*** Begin section ***
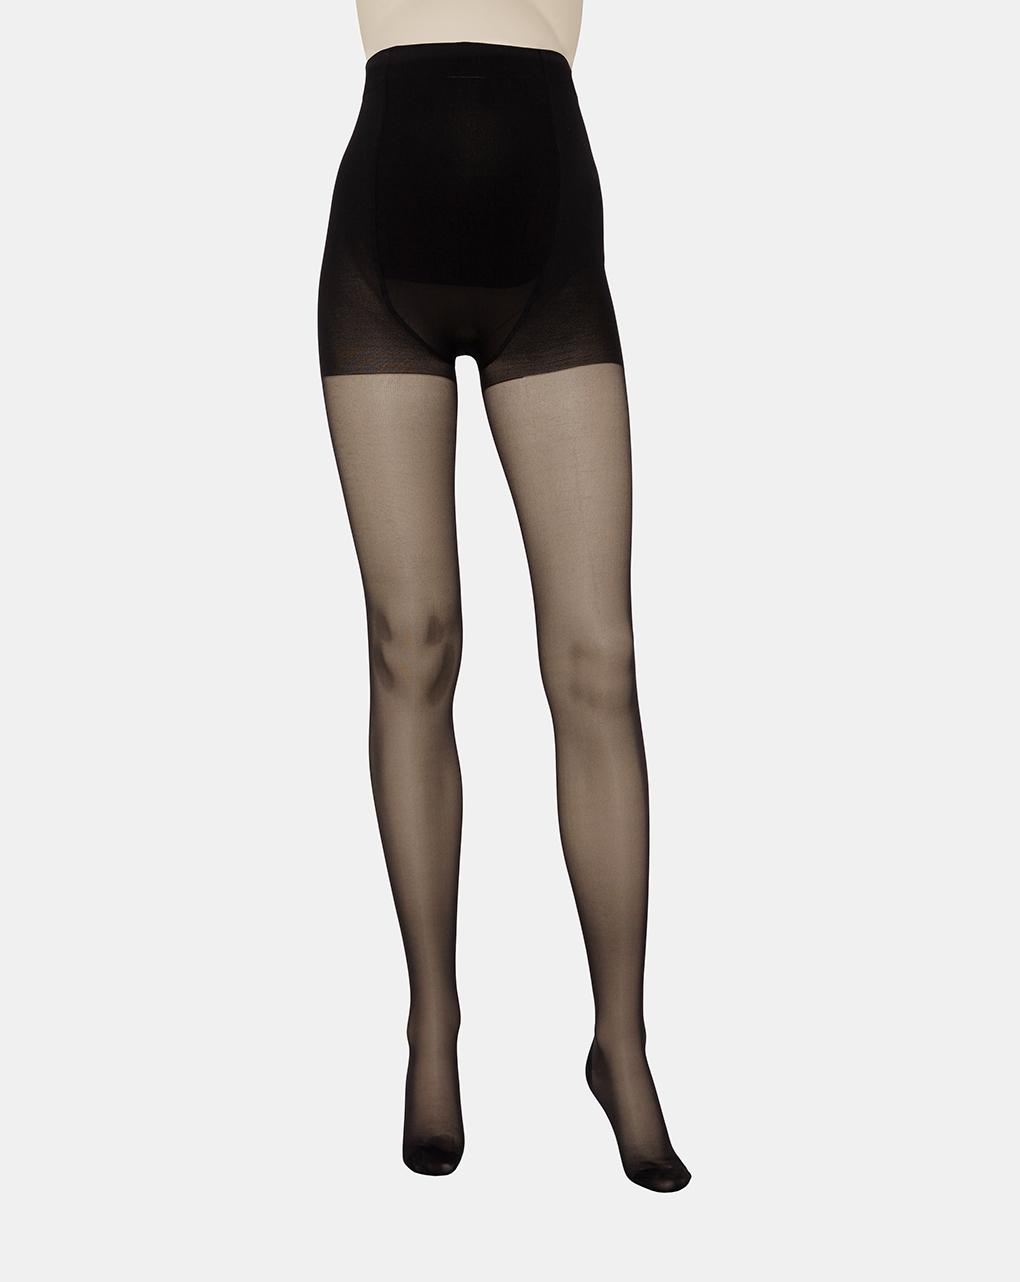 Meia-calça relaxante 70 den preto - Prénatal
*** End section ***
*** Begin section ***
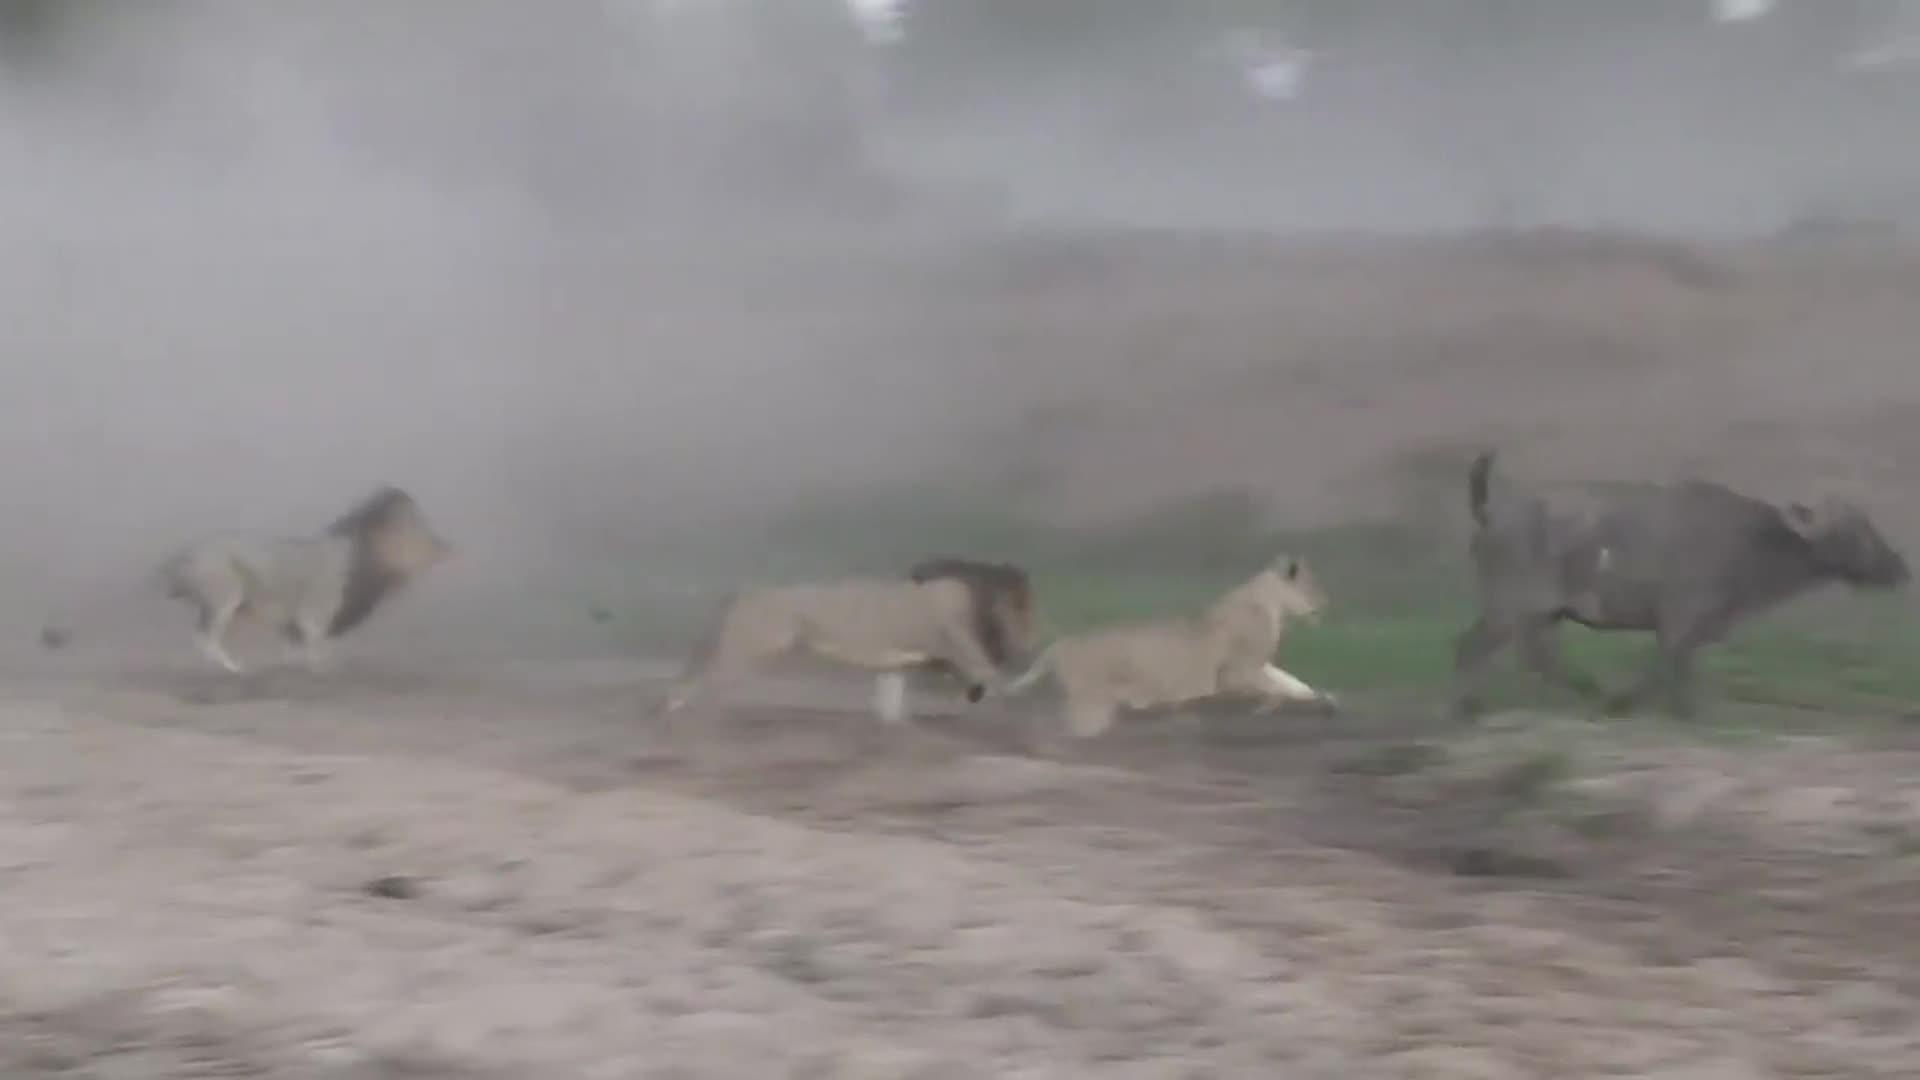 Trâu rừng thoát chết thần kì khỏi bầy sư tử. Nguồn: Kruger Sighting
*** End section ***
*** Begin section ***
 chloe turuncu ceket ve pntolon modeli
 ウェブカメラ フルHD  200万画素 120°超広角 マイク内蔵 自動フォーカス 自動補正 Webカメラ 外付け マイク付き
*** End section ***
Print exactly the lines of the listing above starting at the line containing "chloe turuncu ceket ve pntolon modeli" and ending at the line containing "Webカメラ 外付け マイク付き", both included.

 chloe turuncu ceket ve pntolon modeli
 ウェブカメラ フルHD  200万画素 120°超広角 マイク内蔵 自動フォーカス 自動補正 Webカメラ 外付け マイク付き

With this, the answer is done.